This kind of cognitive overload is not just emotionally exhausting—it’s also bad for democracy. When people are constantly bracing for the next catastrophe, they stop noticing the quieter, constructive work of civic engagement. Worse, they may disengage entirely, believing that nothing they do matters.
To counter this, we need more than just resistance against authoritarianism. We need new ways of seeing. And that includes surfacing moments of democratic resilience that do exist.
Before we get too far, we should make clear that we are promoting democracy over politics. At Cohesion Strategy, we promote cross-partisan and pluralistic solutions, rather than partisan outcomes. That is why we engage with cross-partisan actors for fair government across the political and ideological spectrum. We lift up the resistance against the current president because this administration is violating the U.S. Constitution.
The Rise of Noncooperation
Chenoweth and her co-authors point out another crucial shift: protest is no longer just about marching. Economic noncooperation—strikes, boycotts, buycotts, and divestment campaigns—is gaining traction. It’s harder to measure, and harder still to suppress. But the impacts are real. Tesla, for instance, has seen a measurable stock hit amid protests and sell-offs following Elon Musk’s political entanglements.

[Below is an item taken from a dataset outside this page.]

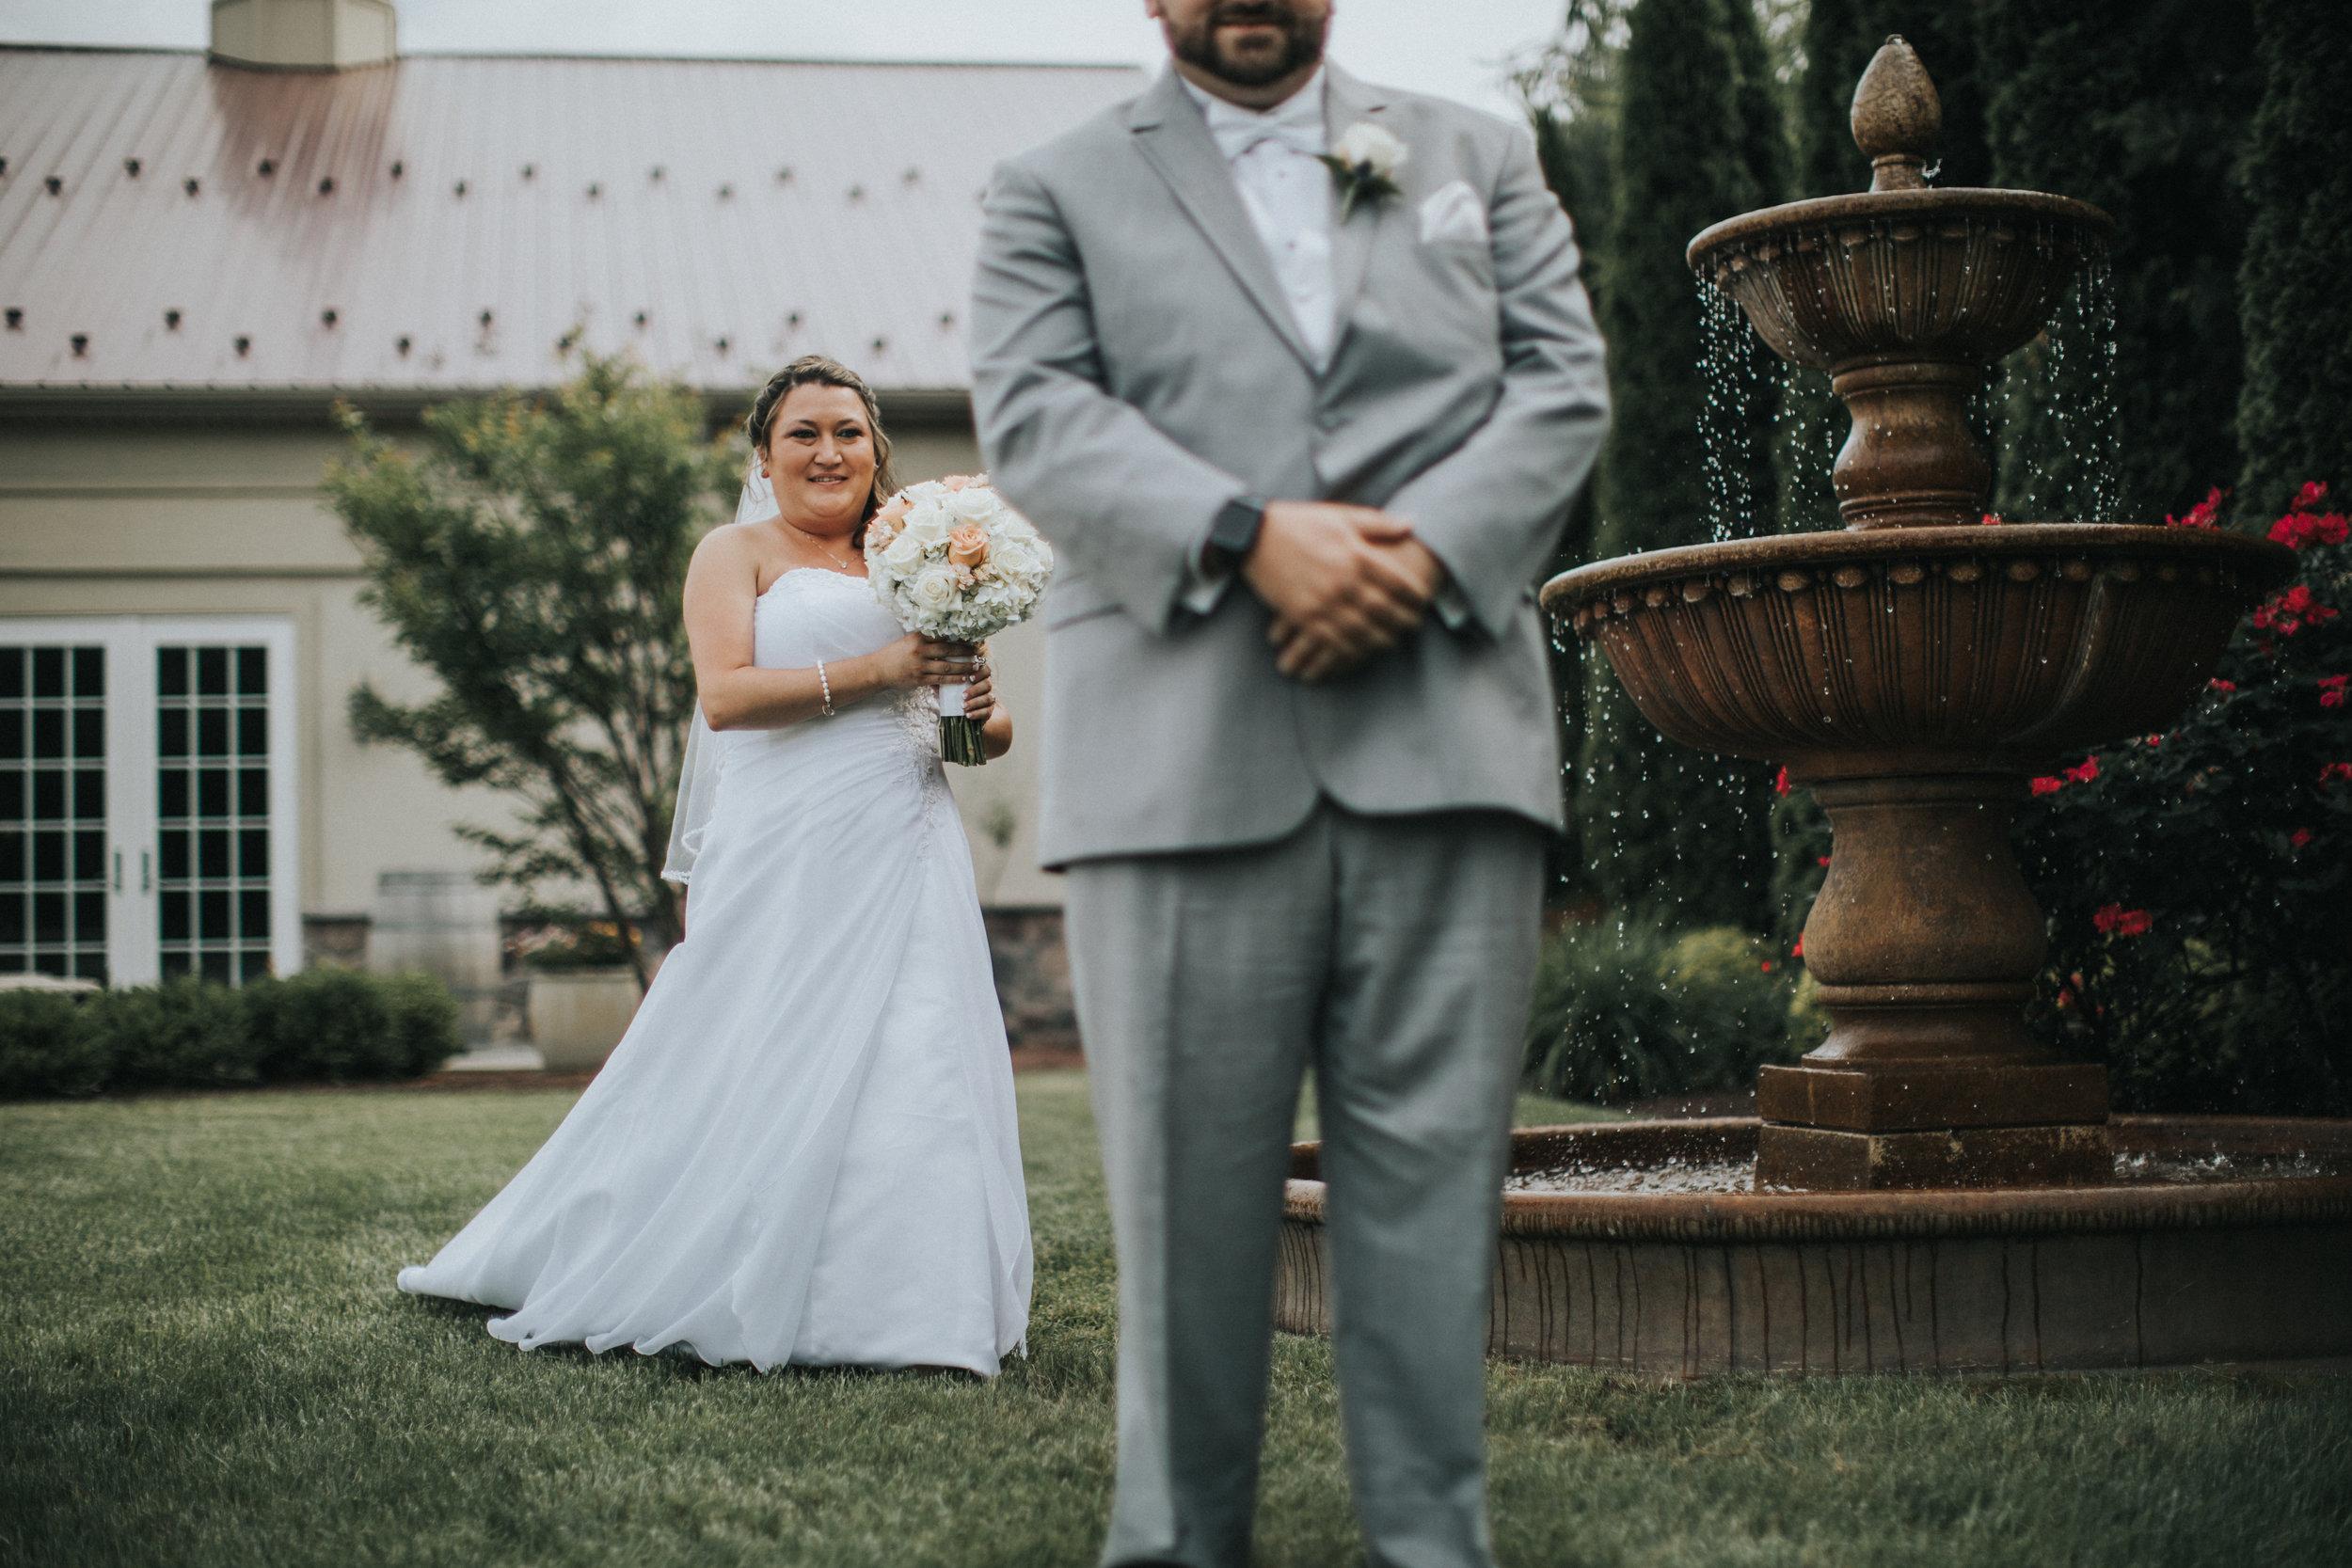 New-Jersey-Wedding-Photographer-JennaLynnPhotography-ValenzanoWinery-FirstLook-29.jpg

This strategy isn’t new. We've seen it throughout history. Before the American Revolution, colonists practiced noncooperation by chucking tea into the Boston harbor long before they picked up arms. In the civil rights era, lunch counter sit-ins and bus boycotts hit local economies and forced a national reckoning.
Some private institutions have adopted their own measures in response to government policies. For example, a decade ago, certain Catholic schools chose not to include contraceptive coverage originally required under the Affordable Care Act in their health plans, citing religious beliefs. A legal challenge won their right to continue doing so.

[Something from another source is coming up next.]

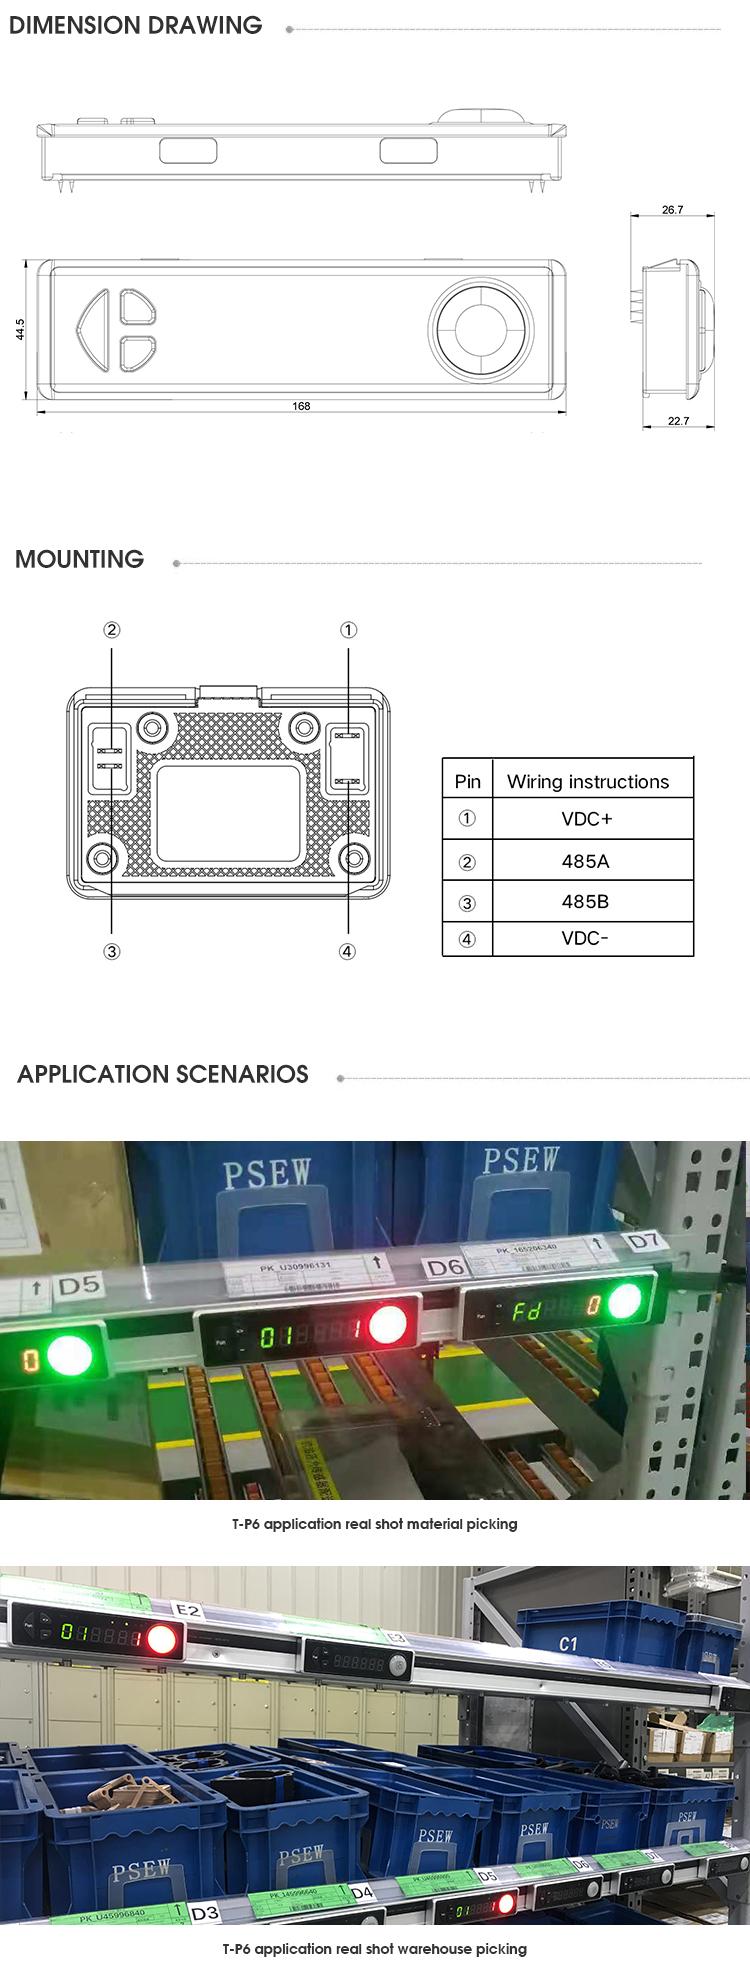 Picking to light modules

Today’s shift back to these tactics reflects a strategic response to new political realities: increased surveillance, the chilling effect of arrests, and a Congress less responsive to public outcry. In some ways, this is an adaptation rooted in long experience. Movements are learning how to protect their people while still exerting pressure.

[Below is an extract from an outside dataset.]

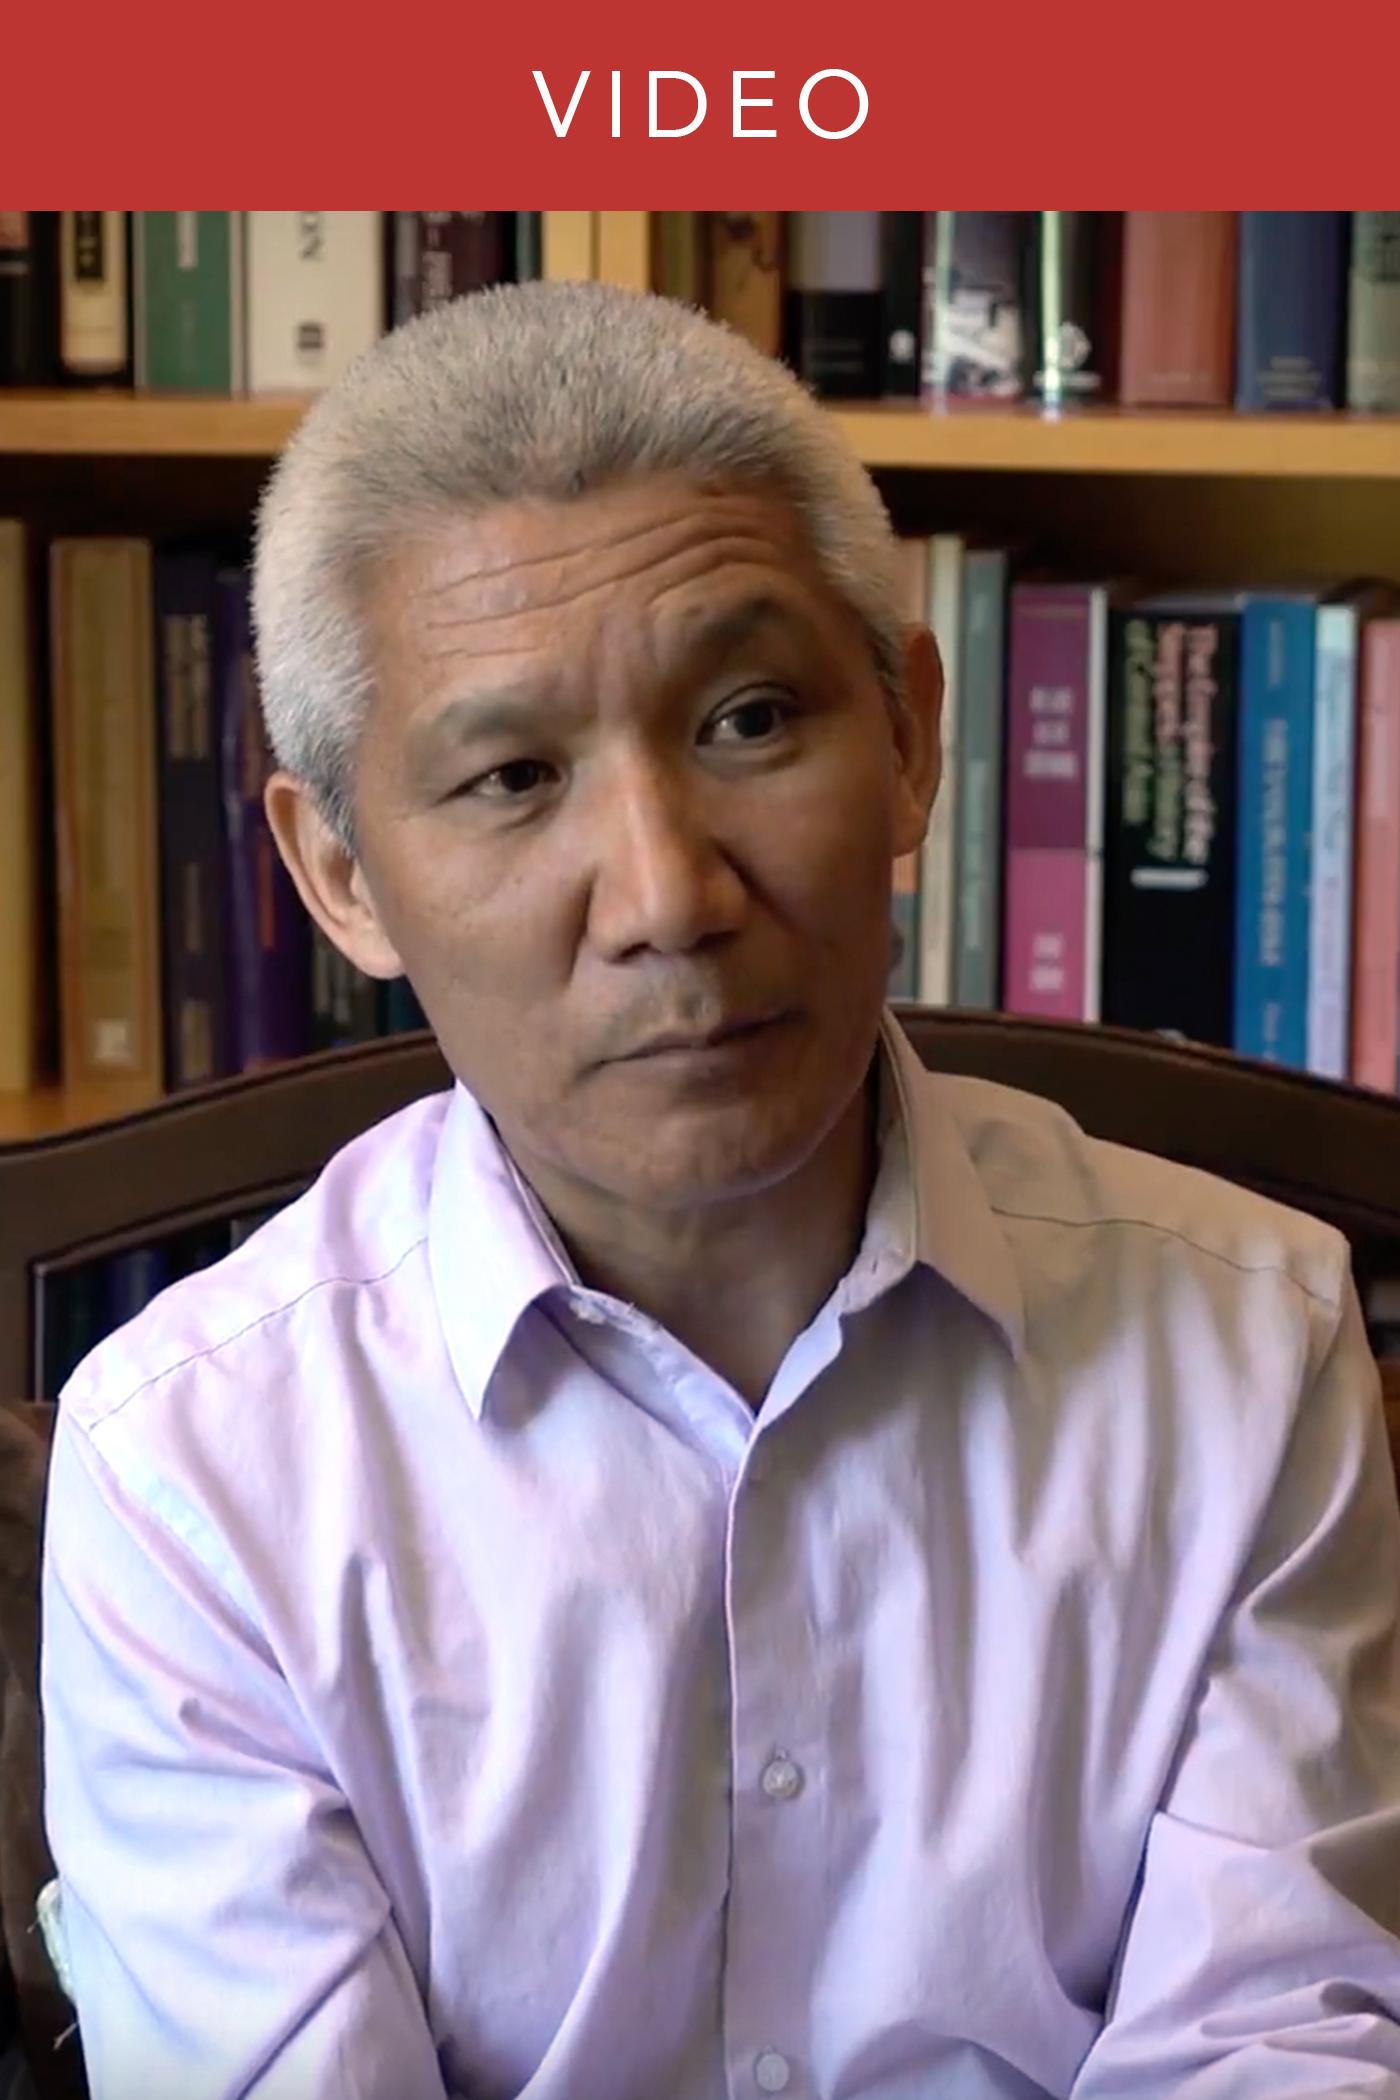 Thupten Jinpa on Debate: The Union of Shamatha and Vipashyana

What This Means for Democracy Work
At Cohesion, we often say that civic health isn’t measured only by voter turnout or legislative wins. It is equally evident in the ways people engage with their community—connecting with neighbors, supporting the vulnerable, and collaborating constructively with local government.
That work is happening—sometimes quietly, sometimes imperfectly—but it’s there. Although Chenoweth’s team doesn’t publish the ideological bent of the protests they track, the sheer numbers suggest widespread public engagement. That’s worth recognizing on its own terms: a sign that people still care, still act, and still believe they can make a difference.
Shifting the Narrative: Spotlighting What’s Working
This is where solutions journalism comes in. Instead of only highlighting the chaos and dysfunction, solutions-oriented reporting lifts up what’s working: organized challenges to voting restrictions to coordinated civic efforts like Democracy 2025 that bring together hundreds of organizations to defend core democratic processes. These moments aren’t always front-page news. But they reflect a democracy that hasn’t stopped working.
In fact, we’ve seen a series of wins in recent weeks that challenge the doom-loop narrative:
Legal Pushback on Voting Restrictions: A coalition of 19 state attorneys general filed suit against a federal order requiring proof of citizenship to vote and restricting mail-in ballot deadlines. Their lawsuit highlights how state-level institutions are actively defending fair access to the ballot.
State-Level Elections: The Wisconsin Supreme Court election offered a quiet but powerful affirmation of electoral accountability. Despite record-breaking outside spending, voters showed that electoral integrity can prevail over financial influence.
Formation of Pro-Democracy Coalitions: Over 450 organizations have joined forces under Democracy 2025 to defend core democratic norms—like voting access and judicial independence—through collaborative legal, educational, and organizing efforts.
University-Led Institutional Independence: With federal funding increasingly used as political leverage, some universities are exploring alternative financial strategies, including issuing bonds or drawing from endowments, to maintain institutional independence. While no university has formally rejected federal funding, this shift signals deeper questions about academic autonomy in a politically charged environment.
These may seem like modest victories, but they matter. They push back against the myth that everything is broken and remind us that many people, across ideological lines, are still working to preserve democratic norms.
So the next time someone asks, "Where is the resistance?" — let’s ask back: Are we looking in the right places? If we focus only on spectacle, we may miss what’s actually building momentum.
From courtrooms to campuses, coalition halls to statehouses, people are still stepping up, sometimes in quieter, more strategic ways. And that might just be where the future of democracy is being shaped.